As I have said all along over the past couple years, banks are motivated by different factors than a traditional seller.

A potential retail buyer (or "nester") is unlikely to know exactly what those motivating factors are. If the note has been sold on the secondary market, and many have been, then it's the note holder & not the servicer making foreclosure/short sale decisions. Possibly, there are other factors such as the current borrower/owner having other outstanding loans with the bank that adds another wrinkle. Or, it could be how the bank is handling their accounting that makes the difference between short sale & foreclosure. It's really a fruitless process trying to second guess what they're doing & even more so...why.
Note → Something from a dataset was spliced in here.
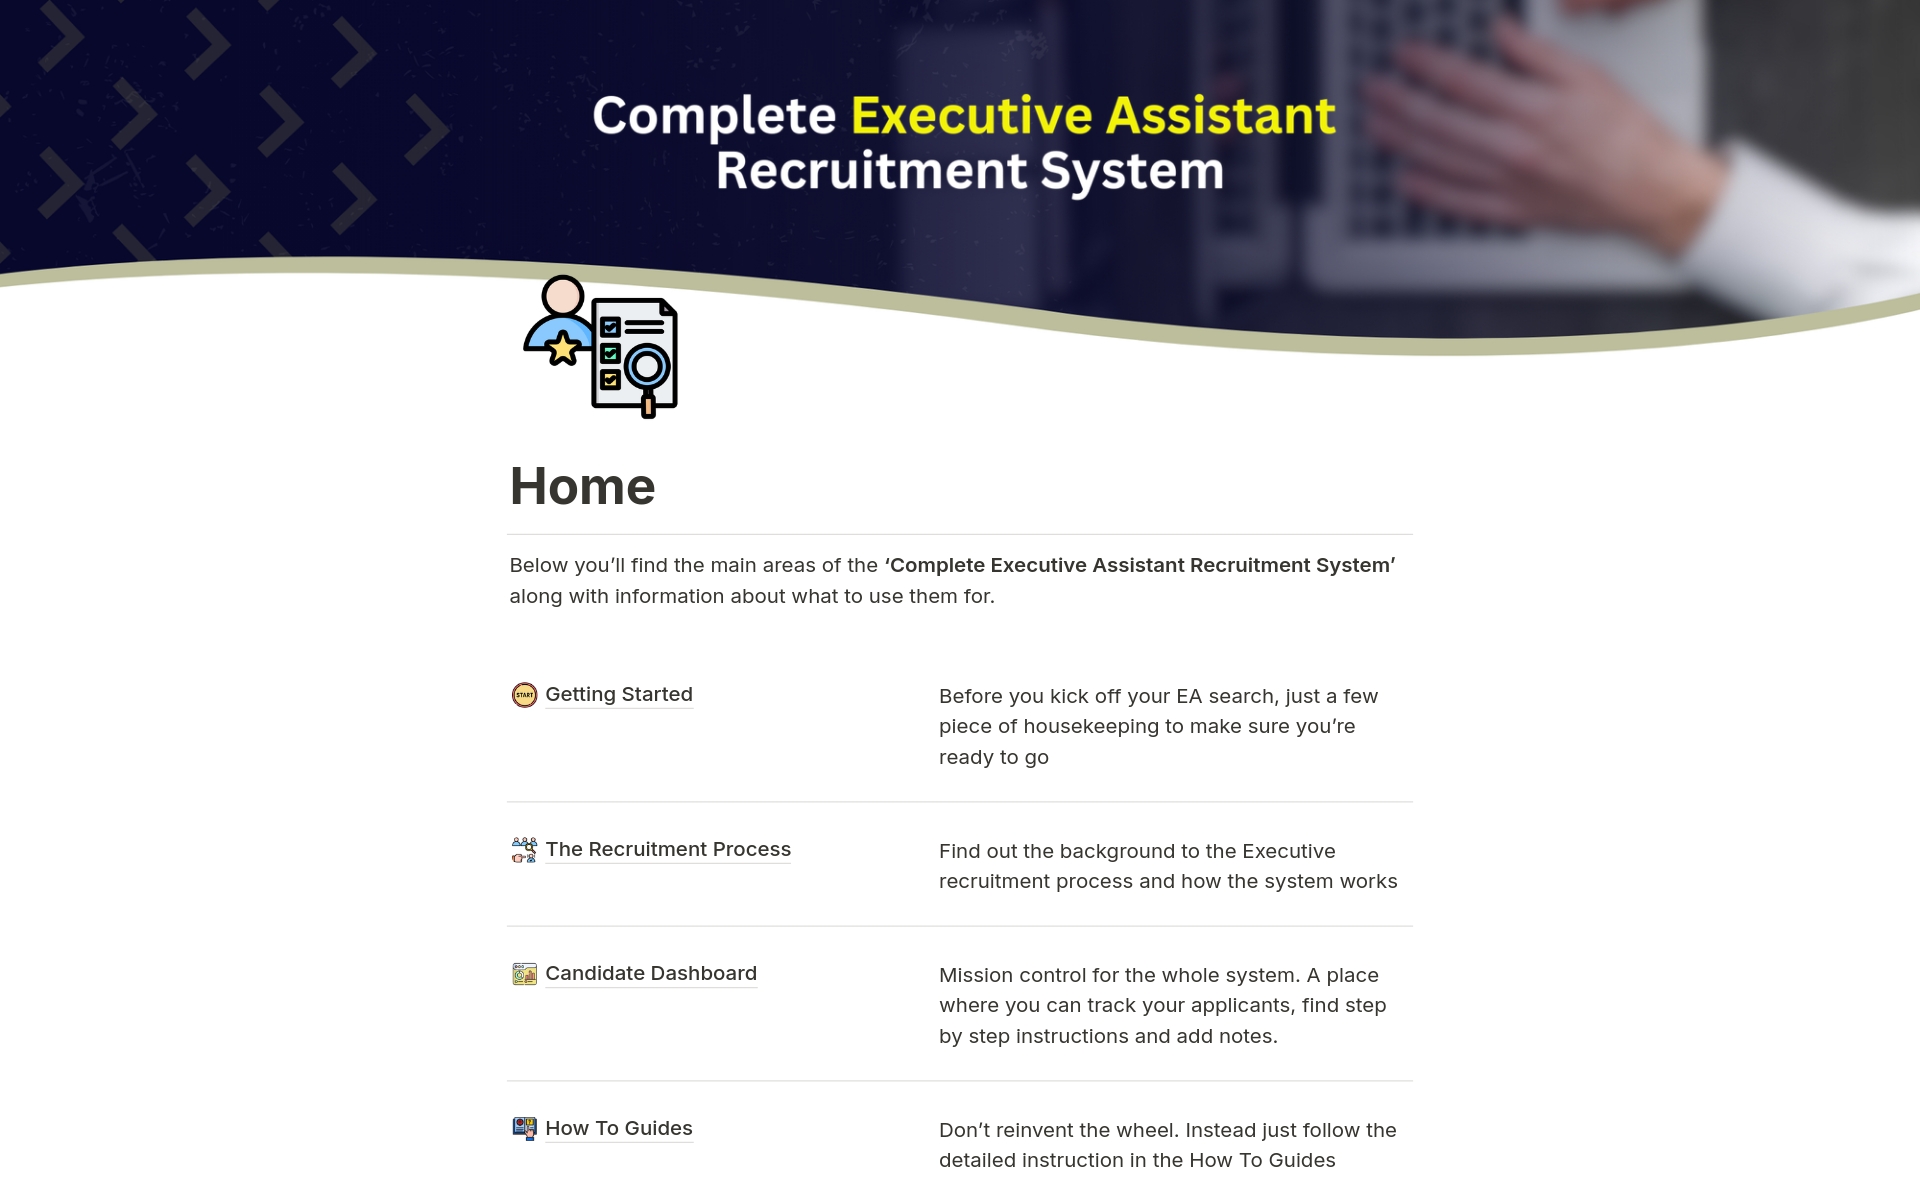 Uma prévia do modelo para Complete Executive Assistant Recruitment System
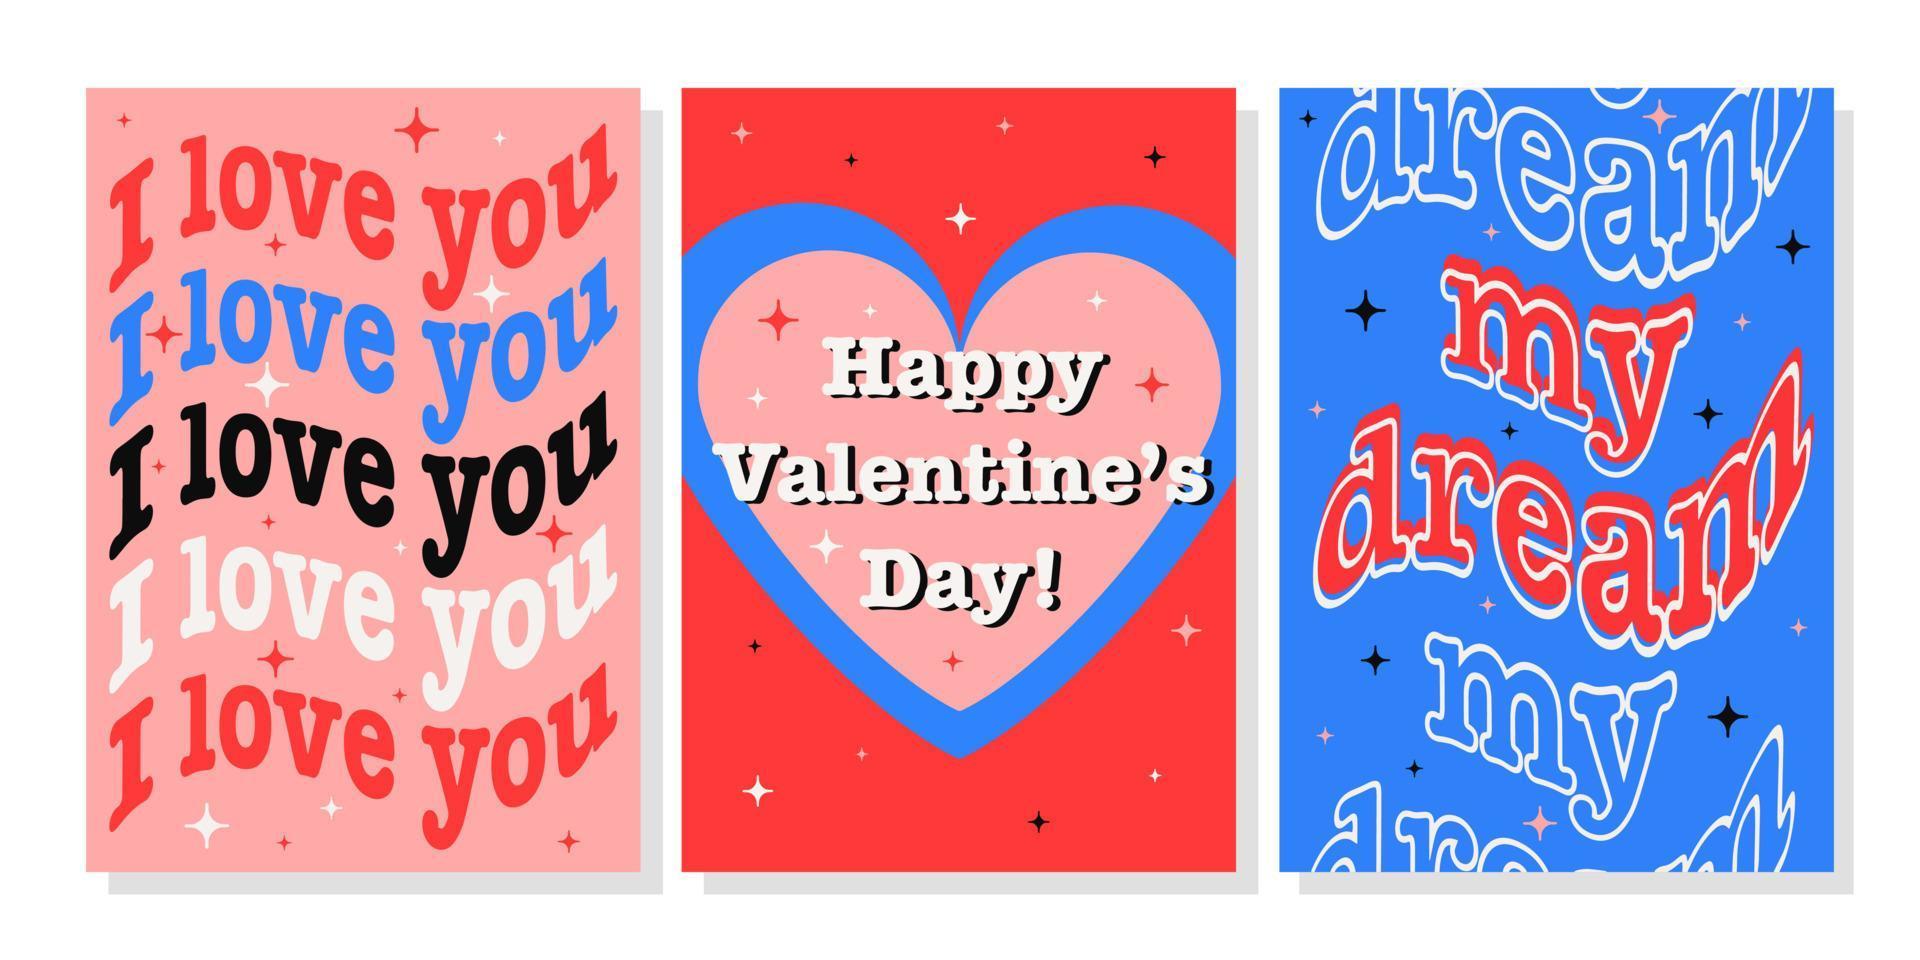 San Valentino giorno saluto carta impostare. mano disegnato di moda cartone animato cuore, amore scritta. vettore illustrazione

In many cases, due to legal reasons, a lender will decide they need to foreclose & due to confidentiality restraints they aren't supposed to discuss those reasons with you, a potential buyer of the distressed property. Another potential reason to not accept an offer from a retail buyer...they have sold a "block" of REOs to an invester & the particular property you are interested in is contained within that block. The lender has to foreclose to clear title before completing the transaction with the investor. We're seeing many more block invester sales now than 6-months ago. Anyway, it really is wasted energy trying to project your logic onto an institution that has a larger picture as their focus instead of an individual sale.

Cash or financing? Well, there's financing & then there's "financing". Cash is cash no matter where it comes from. If you present an offer on a distressed property accompanied by a Commitment Letter you're set to go when you find a property that suits your needs. If you, instead, submit a Pre-approval Letter...well, that's really not worth the paper it's written on. For instance, we have an open Commitment Letter from our bank that allows us to purchase property(s) up to a certain amount based on our personal guarantee (no collateral). After we close, we give a first mortgage to our bank releasing the personal guarantee portion of the Commitment for another property purchase. That loan may contain up to a certain number of these properties obtained via just personal guarantee at any one time.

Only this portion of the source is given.